Liver abscess: diagnostic and management issues found in the low resource setting

Affiliations
Review

Liver abscess: diagnostic and management issues found in the low resource setting

Gaetan Khim et al. Br Med Bull. .

Abstract

Introduction: Liver abscesses are mainly caused by parasitic or bacterial infection and are an important cause of hospitalization in low-middle income countries (LMIC). The pathophysiology of abscesses is different depending on the etiology and requires different strategies for diagnosis and management. This paper discusses pathophysiology and epidemiology, the current diagnostic approach and its limitations and management of liver abscess in low resource settings.

Sources of data: We searched PubMed for relevant reviews by typing the following keywords: 'amoebic liver abscess' and 'pyogenic liver abscess'.

Areas of agreement: Amoebic liver abscess can be treated medically while pyogenic liver abscess usually needs to be percutaneously drained and treated with effective antibiotics.

Areas of controversy: In an LMIC setting, where misuse of antibiotics is a recognized issue, liver abscesses are a therapeutic conundrum, leaving little choices for treatment for physicians in low capacity settings.

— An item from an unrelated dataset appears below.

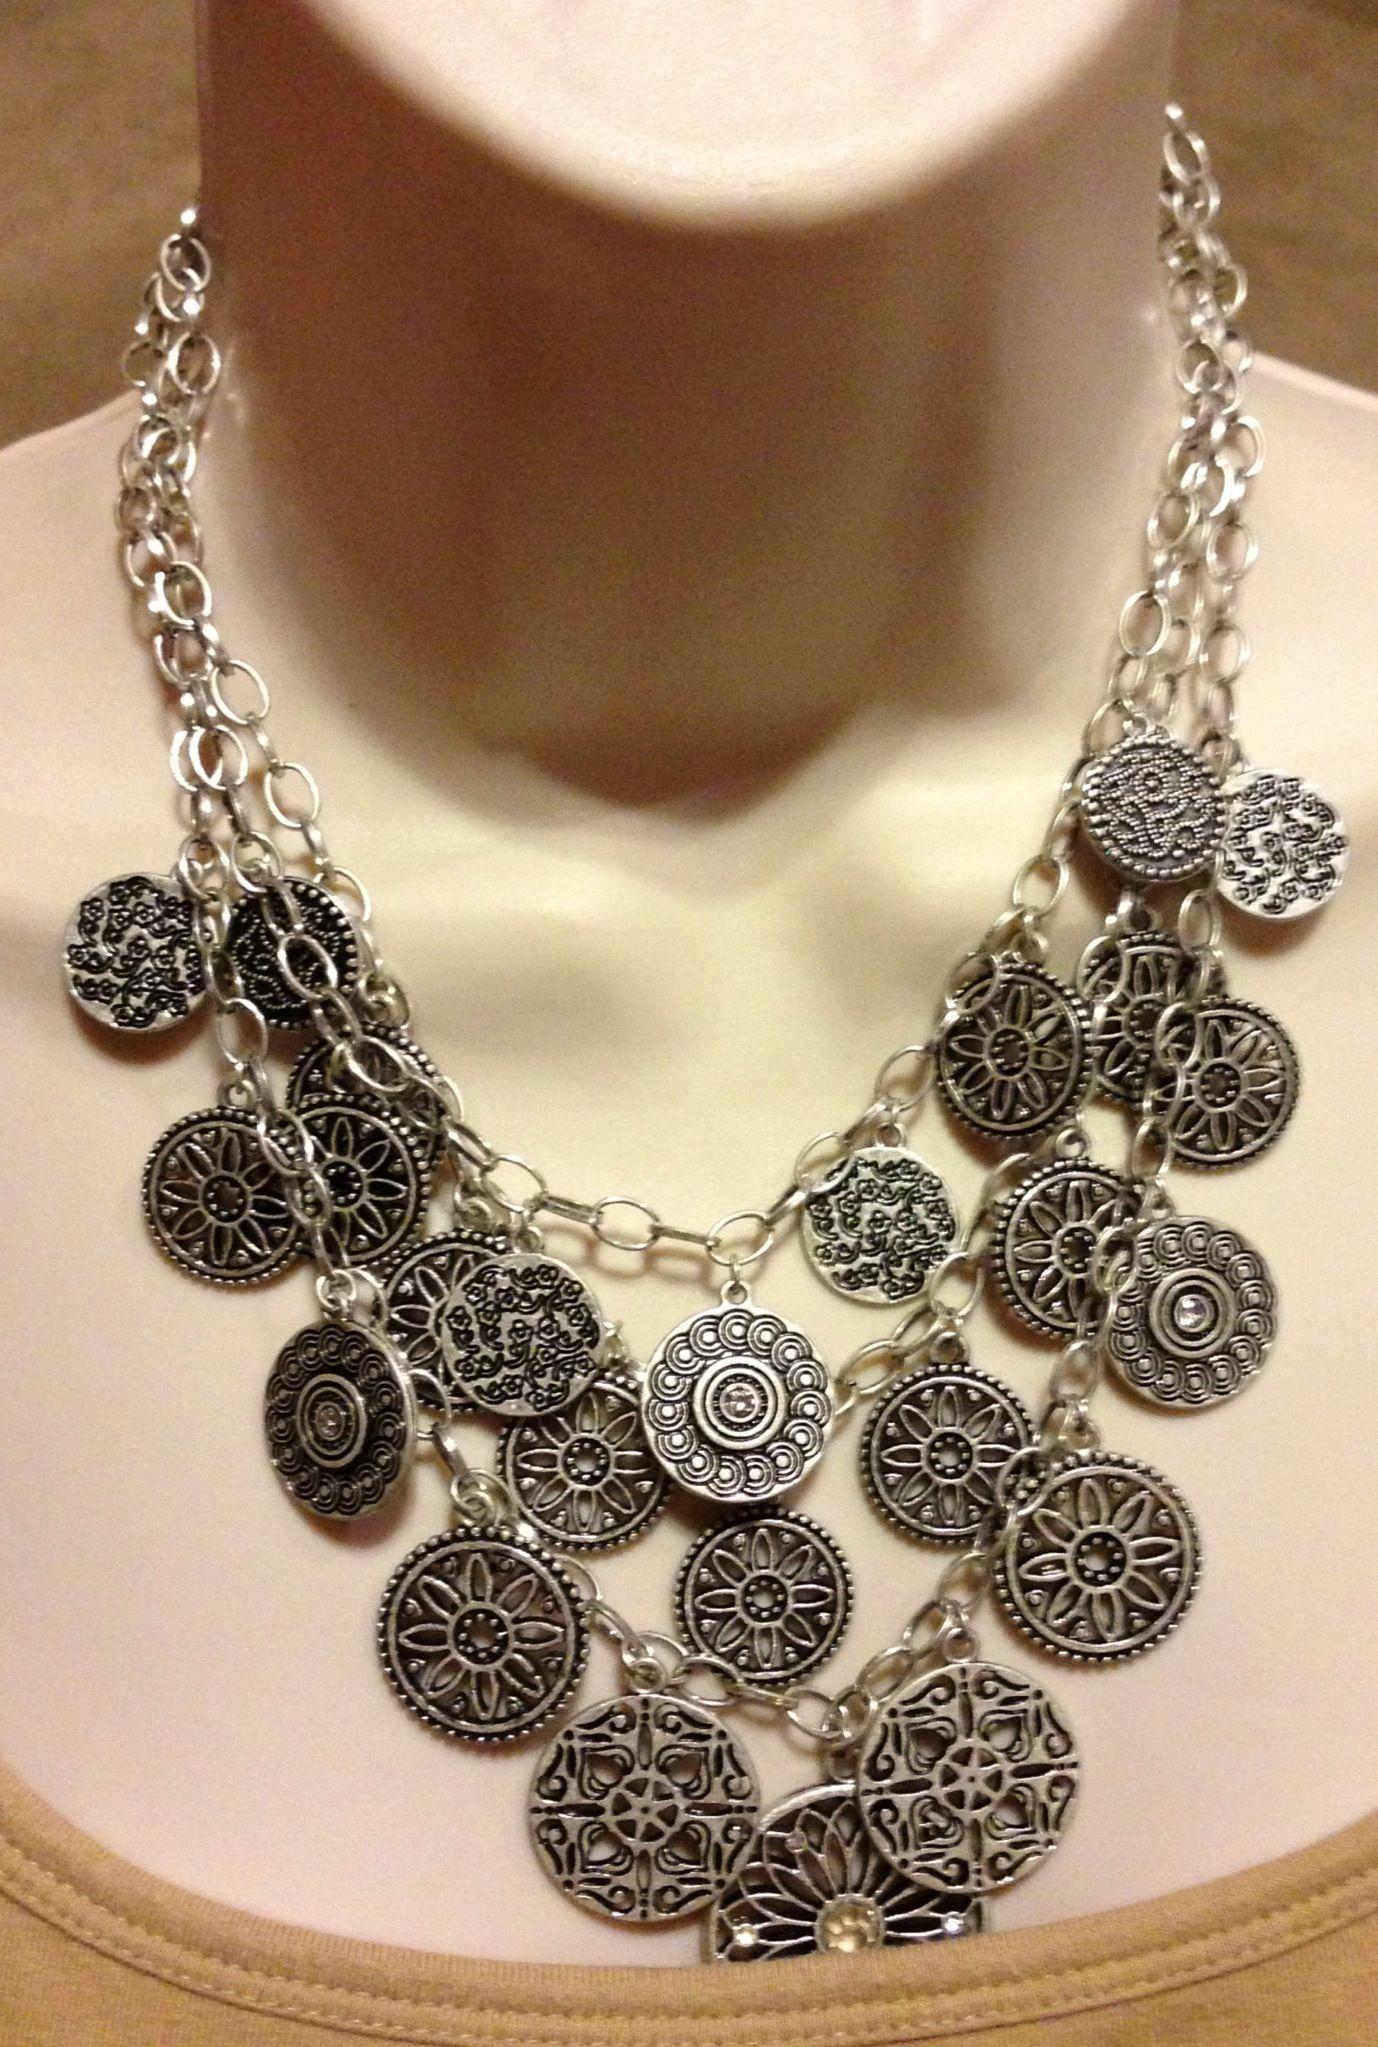 Leading Lady bib necklace

Growing points: As antimicrobial resistance awareness and antibiotic stewardship programs are put into place, liver abscess management will likely improve in LMICs provided that systematic adapted guidelines are established and practiced.

Areas timely for developing research: The lack of a quick and reliable diagnostic strategy in the majority of LMIC makes selection of appropriate treatment challenging.

Keywords: amoebic; liver abscess; low-middle income countries; pyogenic; resource limited settings.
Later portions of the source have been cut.